_Task directions_: Print all of the records below again without a single difference.

--- Information Enclosed Below ---

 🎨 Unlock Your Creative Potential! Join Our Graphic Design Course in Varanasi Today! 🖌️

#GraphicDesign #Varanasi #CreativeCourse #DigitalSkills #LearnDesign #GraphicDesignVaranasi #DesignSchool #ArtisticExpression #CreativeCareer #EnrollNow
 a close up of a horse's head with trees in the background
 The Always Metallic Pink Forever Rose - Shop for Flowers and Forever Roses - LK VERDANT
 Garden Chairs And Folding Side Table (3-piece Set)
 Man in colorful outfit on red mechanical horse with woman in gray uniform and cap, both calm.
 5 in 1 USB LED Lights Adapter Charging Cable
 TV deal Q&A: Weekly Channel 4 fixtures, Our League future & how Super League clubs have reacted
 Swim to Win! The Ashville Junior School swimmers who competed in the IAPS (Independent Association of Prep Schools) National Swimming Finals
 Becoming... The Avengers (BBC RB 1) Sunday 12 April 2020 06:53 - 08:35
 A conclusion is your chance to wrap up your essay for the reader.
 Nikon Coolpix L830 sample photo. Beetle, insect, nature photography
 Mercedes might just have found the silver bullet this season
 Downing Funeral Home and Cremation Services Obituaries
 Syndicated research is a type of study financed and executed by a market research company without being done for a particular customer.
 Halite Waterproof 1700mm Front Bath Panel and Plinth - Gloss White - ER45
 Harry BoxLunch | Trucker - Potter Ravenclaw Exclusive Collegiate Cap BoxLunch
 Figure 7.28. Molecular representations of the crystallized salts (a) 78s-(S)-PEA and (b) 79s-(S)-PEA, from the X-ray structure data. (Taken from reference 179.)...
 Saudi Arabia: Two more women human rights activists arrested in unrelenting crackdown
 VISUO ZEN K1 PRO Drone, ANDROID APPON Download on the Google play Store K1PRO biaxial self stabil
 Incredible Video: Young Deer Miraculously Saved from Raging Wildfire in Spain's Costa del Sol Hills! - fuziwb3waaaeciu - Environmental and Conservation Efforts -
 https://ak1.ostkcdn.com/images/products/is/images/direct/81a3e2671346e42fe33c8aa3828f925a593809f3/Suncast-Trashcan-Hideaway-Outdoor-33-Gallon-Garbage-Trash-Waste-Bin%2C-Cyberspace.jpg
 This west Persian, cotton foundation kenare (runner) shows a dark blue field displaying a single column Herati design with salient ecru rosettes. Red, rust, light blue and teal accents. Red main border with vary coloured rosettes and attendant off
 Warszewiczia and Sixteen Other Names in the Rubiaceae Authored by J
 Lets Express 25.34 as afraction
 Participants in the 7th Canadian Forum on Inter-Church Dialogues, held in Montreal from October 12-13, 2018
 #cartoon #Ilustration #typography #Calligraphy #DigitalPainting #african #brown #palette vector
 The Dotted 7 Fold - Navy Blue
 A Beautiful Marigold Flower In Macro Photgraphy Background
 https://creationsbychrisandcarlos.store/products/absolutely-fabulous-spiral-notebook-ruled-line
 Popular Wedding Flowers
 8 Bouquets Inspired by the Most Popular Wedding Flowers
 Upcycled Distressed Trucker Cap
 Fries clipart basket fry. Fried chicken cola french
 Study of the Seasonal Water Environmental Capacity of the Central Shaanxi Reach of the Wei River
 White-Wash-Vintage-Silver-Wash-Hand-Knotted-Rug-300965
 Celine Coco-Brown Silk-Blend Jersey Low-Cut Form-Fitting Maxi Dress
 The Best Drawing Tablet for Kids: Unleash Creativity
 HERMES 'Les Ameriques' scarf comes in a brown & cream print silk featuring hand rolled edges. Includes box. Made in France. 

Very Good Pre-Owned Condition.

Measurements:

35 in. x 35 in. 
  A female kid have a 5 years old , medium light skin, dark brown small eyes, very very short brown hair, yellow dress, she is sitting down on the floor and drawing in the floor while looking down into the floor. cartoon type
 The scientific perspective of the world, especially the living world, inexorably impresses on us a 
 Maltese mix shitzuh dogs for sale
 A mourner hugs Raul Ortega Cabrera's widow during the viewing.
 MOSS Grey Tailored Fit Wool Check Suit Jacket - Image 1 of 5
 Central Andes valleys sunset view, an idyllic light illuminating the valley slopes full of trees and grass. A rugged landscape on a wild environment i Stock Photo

--- End of Enclosed Information ---

_Finished task_:
 🎨 Unlock Your Creative Potential! Join Our Graphic Design Course in Varanasi Today! 🖌️

#GraphicDesign #Varanasi #CreativeCourse #DigitalSkills #LearnDesign #GraphicDesignVaranasi #DesignSchool #ArtisticExpression #CreativeCareer #EnrollNow
 a close up of a horse's head with trees in the background
 The Always Metallic Pink Forever Rose - Shop for Flowers and Forever Roses - LK VERDANT
 Garden Chairs And Folding Side Table (3-piece Set)
 Man in colorful outfit on red mechanical horse with woman in gray uniform and cap, both calm.
 5 in 1 USB LED Lights Adapter Charging Cable
 TV deal Q&A: Weekly Channel 4 fixtures, Our League future & how Super League clubs have reacted
 Swim to Win! The Ashville Junior School swimmers who competed in the IAPS (Independent Association of Prep Schools) National Swimming Finals
 Becoming... The Avengers (BBC RB 1) Sunday 12 April 2020 06:53 - 08:35
 A conclusion is your chance to wrap up your essay for the reader.
 Nikon Coolpix L830 sample photo. Beetle, insect, nature photography
 Mercedes might just have found the silver bullet this season
 Downing Funeral Home and Cremation Services Obituaries
 Syndicated research is a type of study financed and executed by a market research company without being done for a particular customer.
 Halite Waterproof 1700mm Front Bath Panel and Plinth - Gloss White - ER45
 Harry BoxLunch | Trucker - Potter Ravenclaw Exclusive Collegiate Cap BoxLunch
 Figure 7.28. Molecular representations of the crystallized salts (a) 78s-(S)-PEA and (b) 79s-(S)-PEA, from the X-ray structure data. (Taken from reference 179.)...
 Saudi Arabia: Two more women human rights activists arrested in unrelenting crackdown
 VISUO ZEN K1 PRO Drone, ANDROID APPON Download on the Google play Store K1PRO biaxial self stabil
 Incredible Video: Young Deer Miraculously Saved from Raging Wildfire in Spain's Costa del Sol Hills! - fuziwb3waaaeciu - Environmental and Conservation Efforts -
 https://ak1.ostkcdn.com/images/products/is/images/direct/81a3e2671346e42fe33c8aa3828f925a593809f3/Suncast-Trashcan-Hideaway-Outdoor-33-Gallon-Garbage-Trash-Waste-Bin%2C-Cyberspace.jpg
 This west Persian, cotton foundation kenare (runner) shows a dark blue field displaying a single column Herati design with salient ecru rosettes. Red, rust, light blue and teal accents. Red main border with vary coloured rosettes and attendant off
 Warszewiczia and Sixteen Other Names in the Rubiaceae Authored by J
 Lets Express 25.34 as afraction
 Participants in the 7th Canadian Forum on Inter-Church Dialogues, held in Montreal from October 12-13, 2018
 #cartoon #Ilustration #typography #Calligraphy #DigitalPainting #african #brown #palette vector
 The Dotted 7 Fold - Navy Blue
 A Beautiful Marigold Flower In Macro Photgraphy Background
 https://creationsbychrisandcarlos.store/products/absolutely-fabulous-spiral-notebook-ruled-line
 Popular Wedding Flowers
 8 Bouquets Inspired by the Most Popular Wedding Flowers
 Upcycled Distressed Trucker Cap
 Fries clipart basket fry. Fried chicken cola french
 Study of the Seasonal Water Environmental Capacity of the Central Shaanxi Reach of the Wei River
 White-Wash-Vintage-Silver-Wash-Hand-Knotted-Rug-300965
 Celine Coco-Brown Silk-Blend Jersey Low-Cut Form-Fitting Maxi Dress
 The Best Drawing Tablet for Kids: Unleash Creativity
 HERMES 'Les Ameriques' scarf comes in a brown & cream print silk featuring hand rolled edges. Includes box. Made in France. 

Very Good Pre-Owned Condition.

Measurements:

35 in. x 35 in. 
  A female kid have a 5 years old , medium light skin, dark brown small eyes, very very short brown hair, yellow dress, she is sitting down on the floor and drawing in the floor while looking down into the floor. cartoon type
 The scientific perspective of the world, especially the living world, inexorably impresses on us a 
 Maltese mix shitzuh dogs for sale
 A mourner hugs Raul Ortega Cabrera's widow during the viewing.
 MOSS Grey Tailored Fit Wool Check Suit Jacket - Image 1 of 5
 Central Andes valleys sunset view, an idyllic light illuminating the valley slopes full of trees and grass. A rugged landscape on a wild environment i Stock Photo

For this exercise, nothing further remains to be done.